Patrick actually had a sexual relationship with a married female major at one place he was housed, she came into the visiting room when we were there once and you could see the “sparks” flying between their eyes. OPENLY FLIRTING. A secretary there a few years ago had a sexual relationship with an inmate AND an officer, and she and the inmate were both found dead in a closet…supposedly the inmate killed her and then cut his own throat, but Patrick thought the officer killed them both. I don’t doubt it.
I used to be so worried about him, cause he is a small white guy in a tough prison system that is primarily black and Hispanic and the racial divide is rigid…gangs, etc. and he’s been beaten up a bunch of times and severely injured, but I no longer worry, he got himself into that place and he can have the consequences as far as I am concerned. He is still better off than the girl he murdered. I’m not sure who is the worst danger in prisons, the guards or the other inmates…but it is a PhD program for psychopaths any way you slice it. In a lot of ways, it gives them the perfect environment, constant risk and games to play with each other. My son is “good at it” and knows all the ins and outs of smuggling stuff in and conning the system. BFD (big farking deal)—he’s the smartest inmate in the place, but he’s nothing but a not so successful small time thug and murderer. He had enough brains to have invented the cure for cancer, or to have been Bill Gates, and he CHOSE to be a thug. His loss and mine too, only he doesn’t have sense enough to realize it. Just like that sociopath that wrote the letter to Donna.
Well, justus5, I guess “better the devil you know than the one you don’t know” but if you choose to live “with it” instead of to make a life for yourself independently, then that is your choice. I chose that course with a lot of relation-shits, but I realized finally that FOR ME I would rather live in a tent and eat out of a McDonald’s dumpster than to live any where near a psychopath.
I found out that I don’t need anyone (especially a psychopath) in my life that doesn’t cherish me as I deserve to be cherished. Life is much nicer now.
Oxy-I have come to the point of excepting responsility for my sitiuation. I think everyday about how to get out of the mess that I have allowed him to create. Still afraid and confused though about the future.

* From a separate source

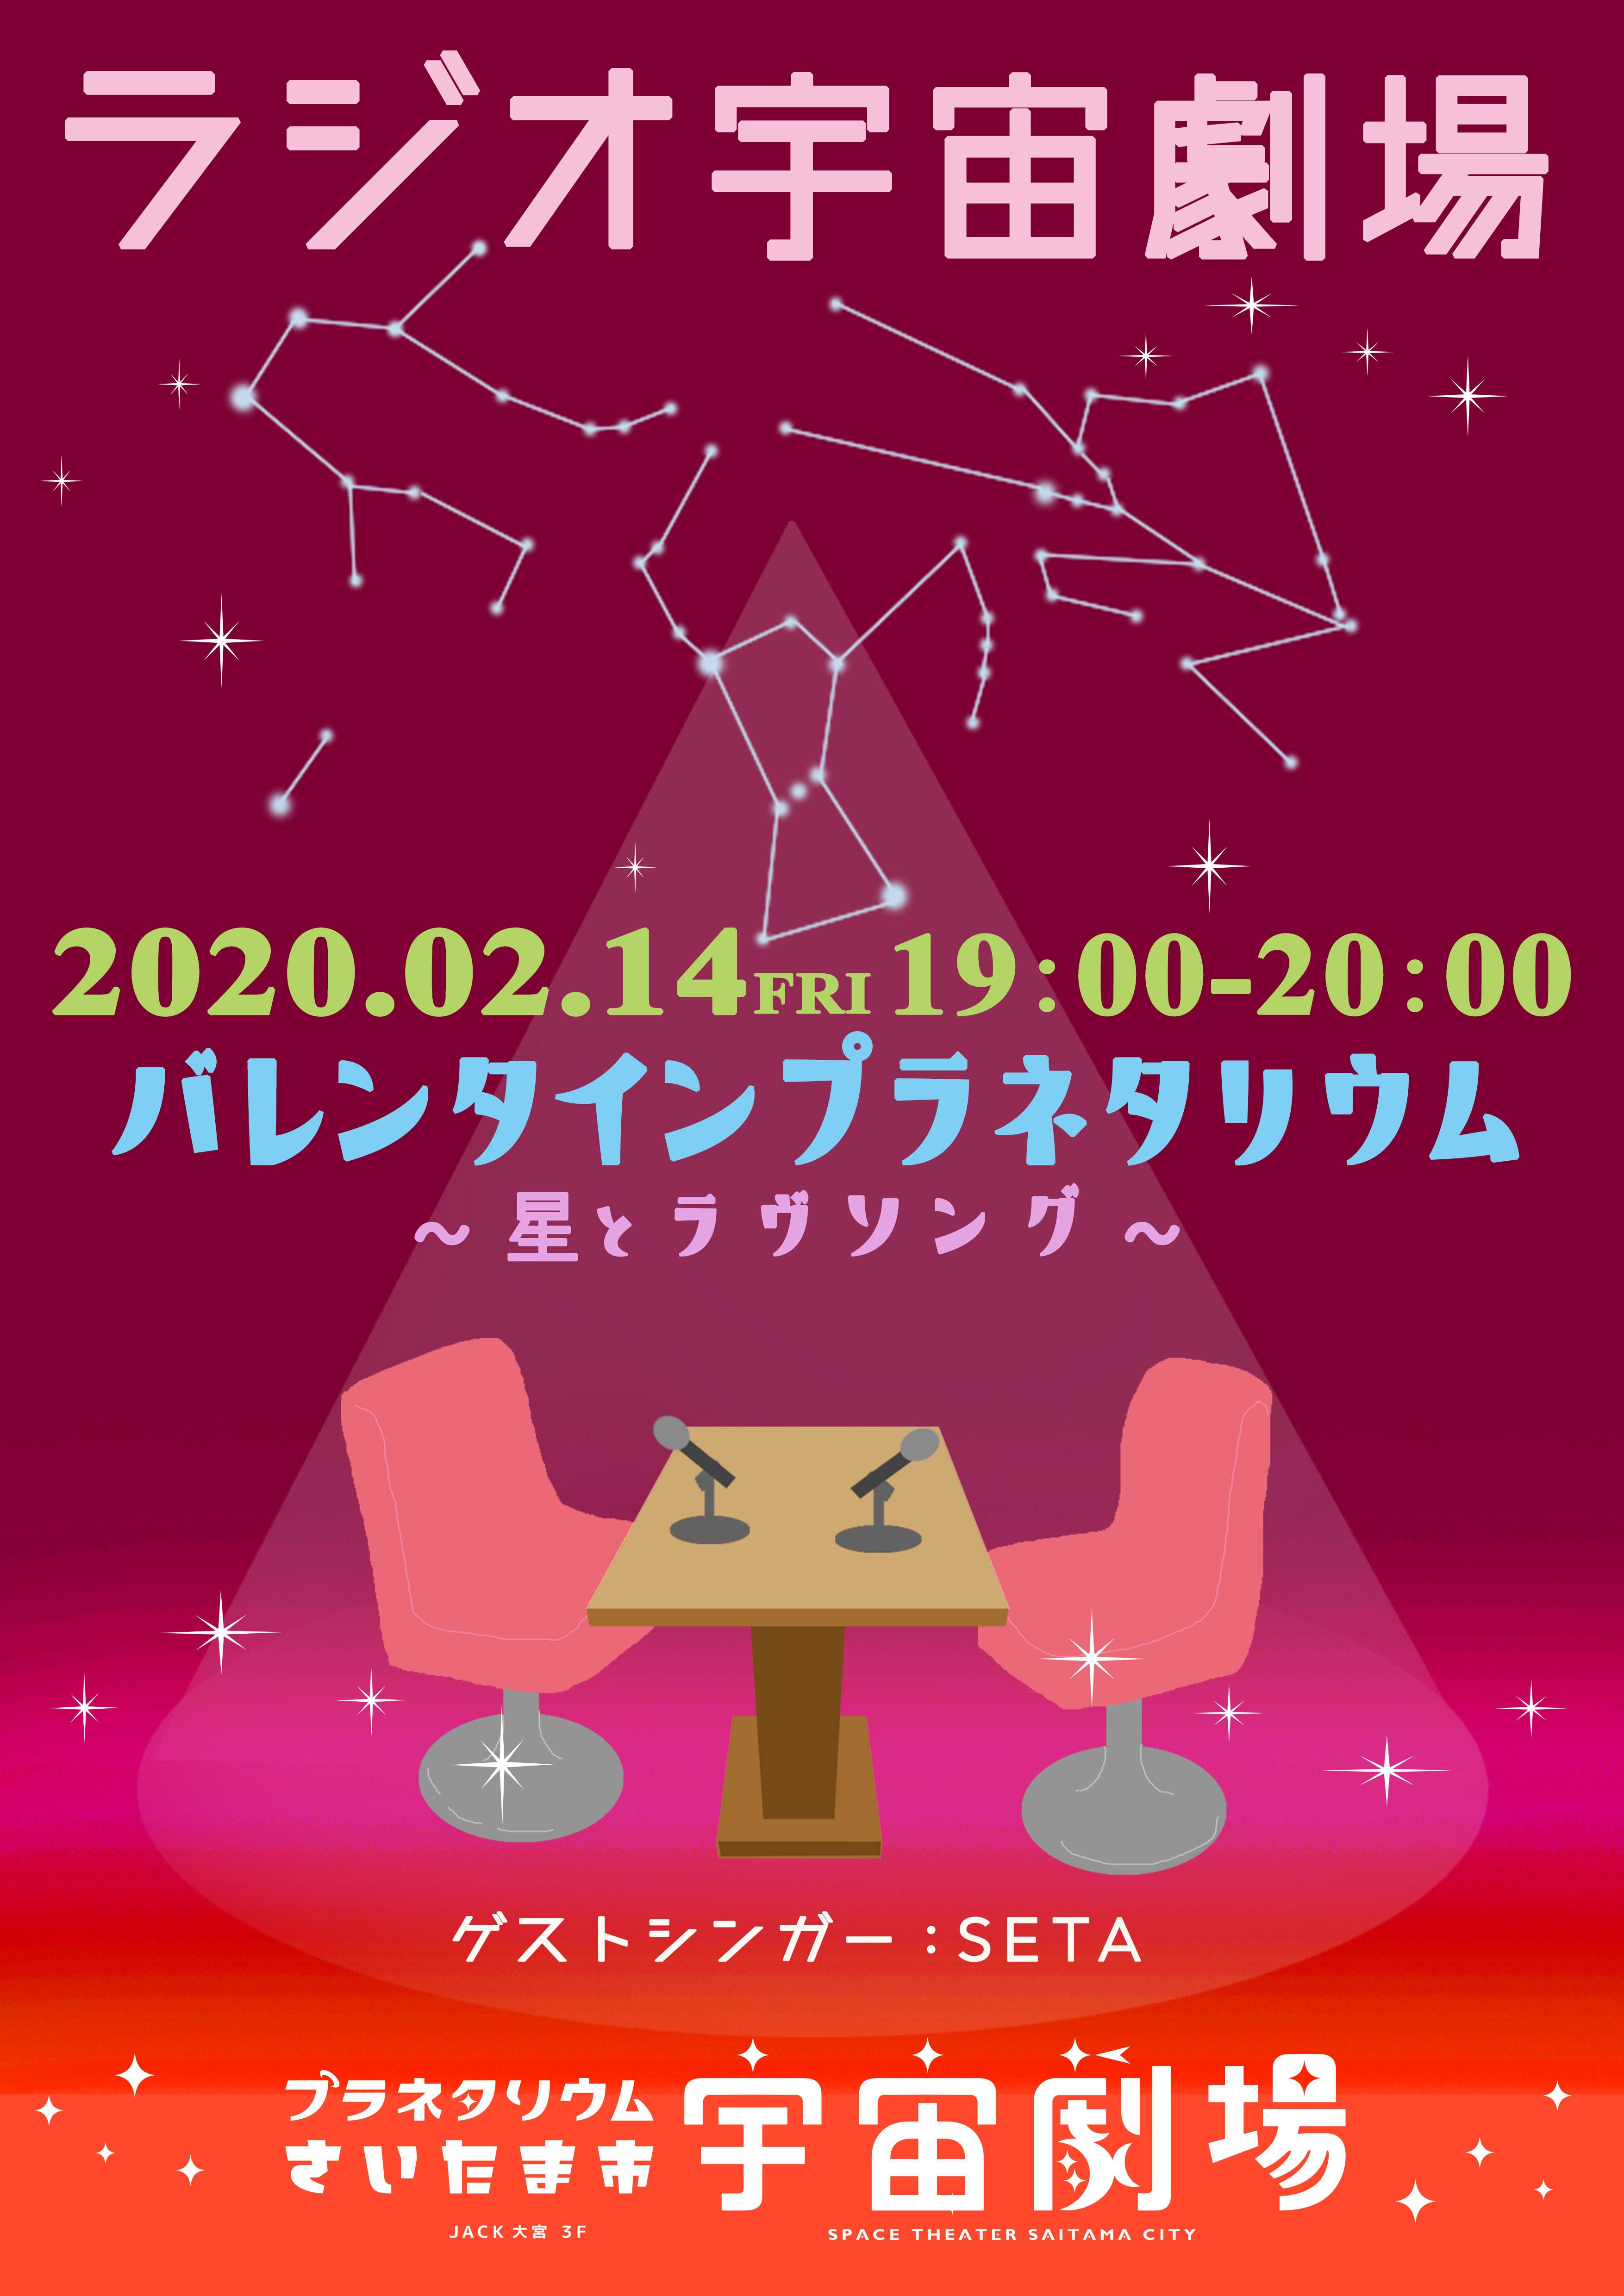 ラジオ宇宙劇場 バレンタインプラネタリウム~星とラヴソング~

Justus5, we ALL are/were confused about the future. Without a crystal ball and without being psychic there’s no way to see the future either way and “there are no guarantees in life” that is for sure. I definitely understand your fear of the future—probably financially (I’m just guessing here) and in many other ways as well, I think you have kids to raise—how will they react? How will this all impact them? That’s also part of the collateral damage they do to our lives and the lives of the ones we love.
Keep on reading and learning about psychopaths and about how to heal to help you make decisions. Making THE decision to get away from an abusive mate IS A BIG ONE I understand. But just like no one ever died and thought “I wish I’d spent more time at the office” no one ever approached their death bed and said “I’m glad I stayed with that psychopath.”